Anatomy of an Error – Why forecasts missed the 2016 result
On election day 2016 the 538 forecast gave Hillary Clinton a 71.4% chance of winning. Of course, she did not. Forecasts now given Biden an even bigger advantage, but coverage of the race is haunted by the miss in 2016. It shouldn’t be. We know what went wrong in 2016, and we can see that Biden’s advantage is more resilient to the issue.
The Midwest Mistake
It is sometimes said that the polls were wrong in 2016, but it wasn’t that simple. Nationally Clinton’s poll lead was only slightly overstated, 538 had her 3.6% ahead and she won by 2.1%. But she didn’t lose 1.5% of her expected votes everywhere, the error was concentrated in certain states.
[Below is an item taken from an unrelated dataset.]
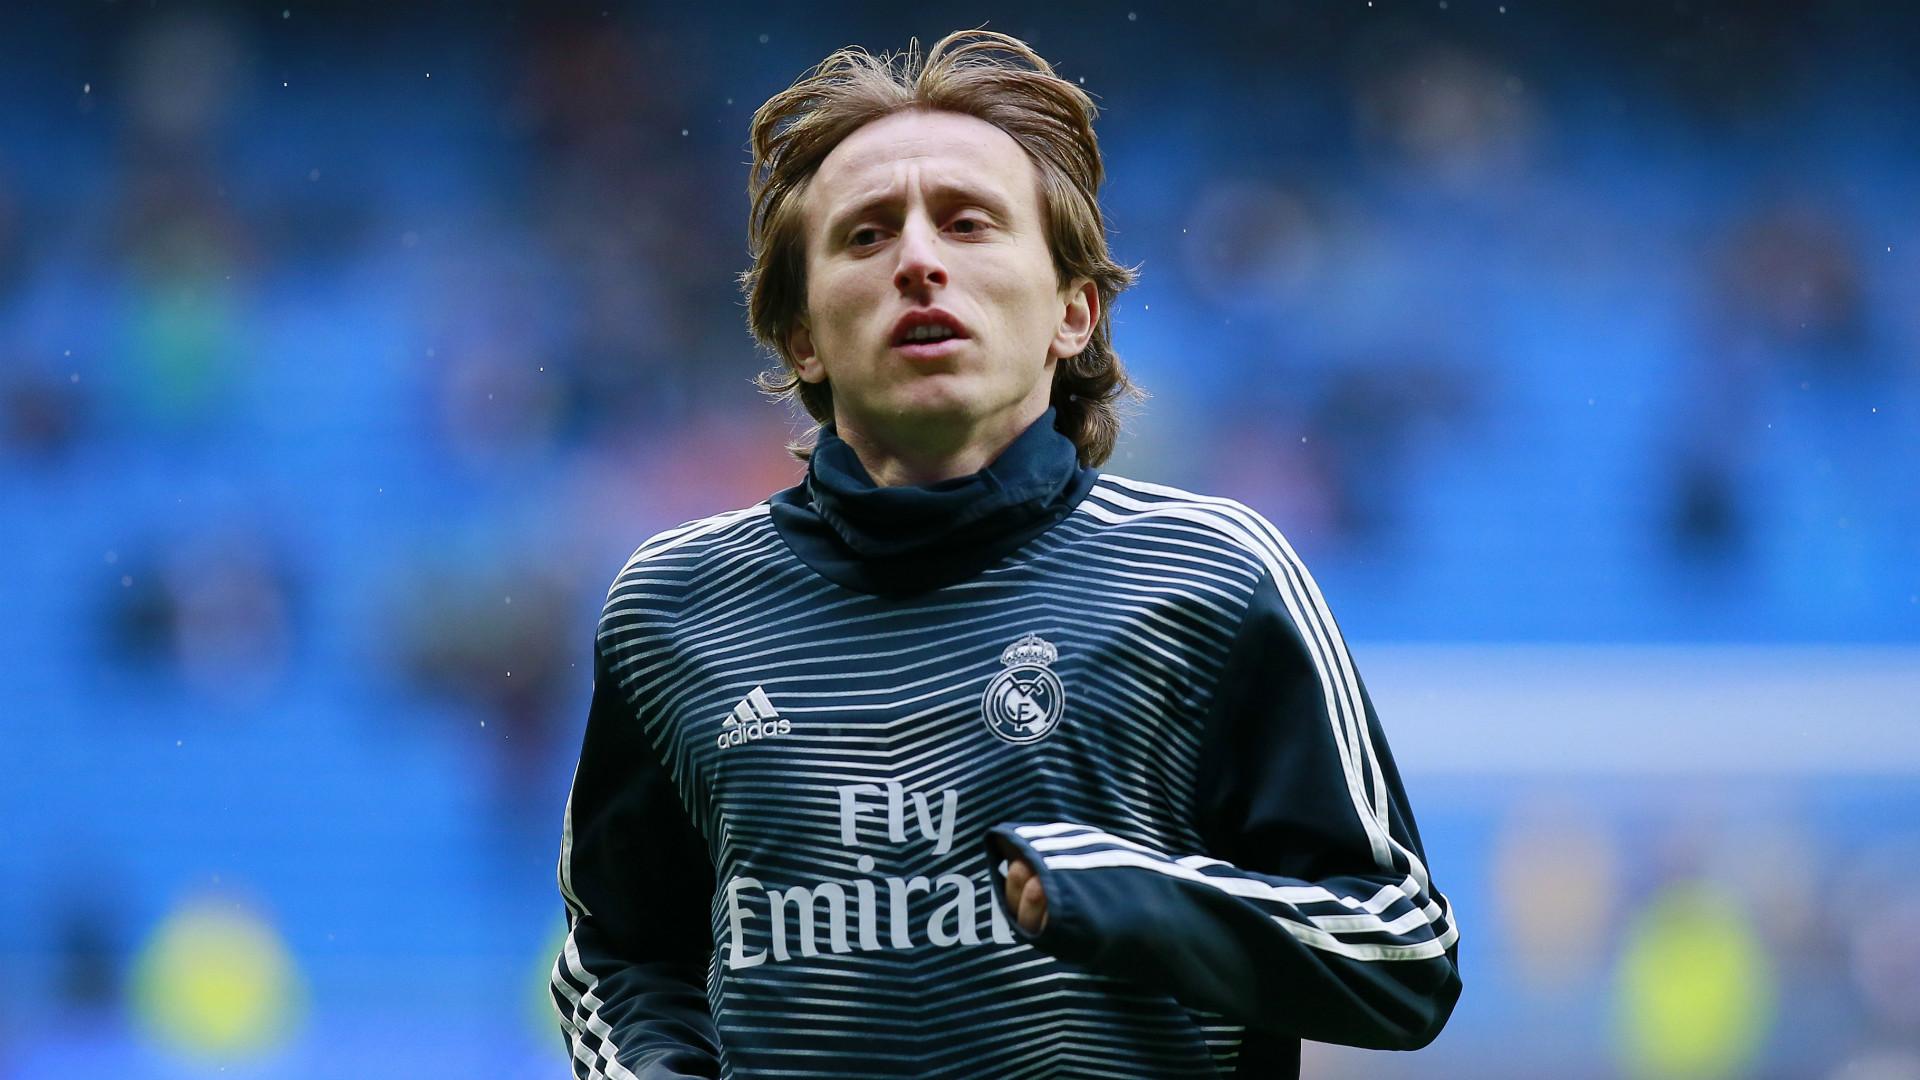 Mercato - Real Madrid : Luka Modric dans le viseur de l'AC Milan ?
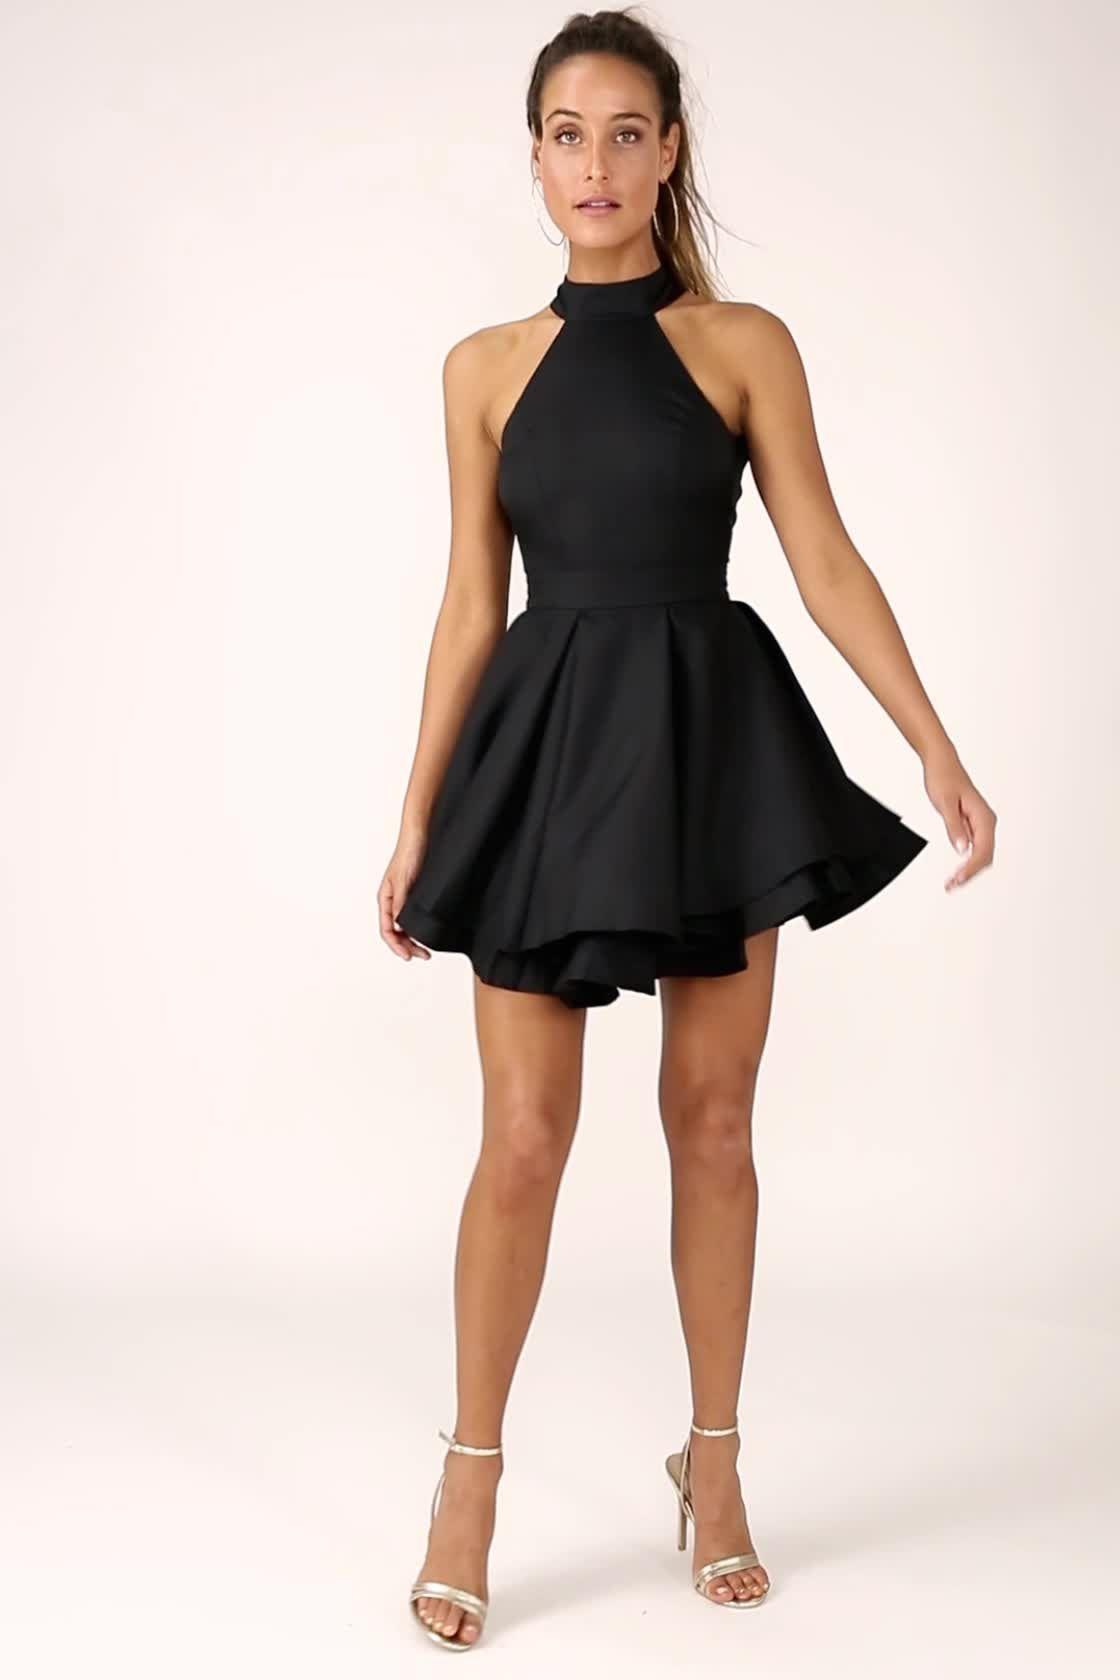 691850c744 Cute Black Skater Dress - LBD - Homecoming Dress

As is well known, the error was much larger in the Midwest where Trump overperformed against the final forecast by just over 6% in Wisconsin and over 4% in Michigan and Pennslyvania. This tipped those states, and the electoral college.
He did even better in some other states, overperforming by double digits in states like Wyoming, Kentucky, and North Dakota (though some of that was probably down to sparse polling of those safe states). By contrast, Clinton beat the forecast in over a dozen states (and crushed it by 16.3% in DC).
The pattern of this error was not random, because the cause was not random. 538 and others missed Trump’s victory because the polls were undersampling white voters without a college education.
The Demographic Determination
Back in 2016 most polls ensured they had a balanced sample in terms of gender, age, and racial background. But many didn’t balance by education level, especially within racial groups. Trump’s strength among white non-college voters was underestimated as a result, and the error stems directly from that. Below you can see this relationship in chart form. The correlation is strong, if not perfect.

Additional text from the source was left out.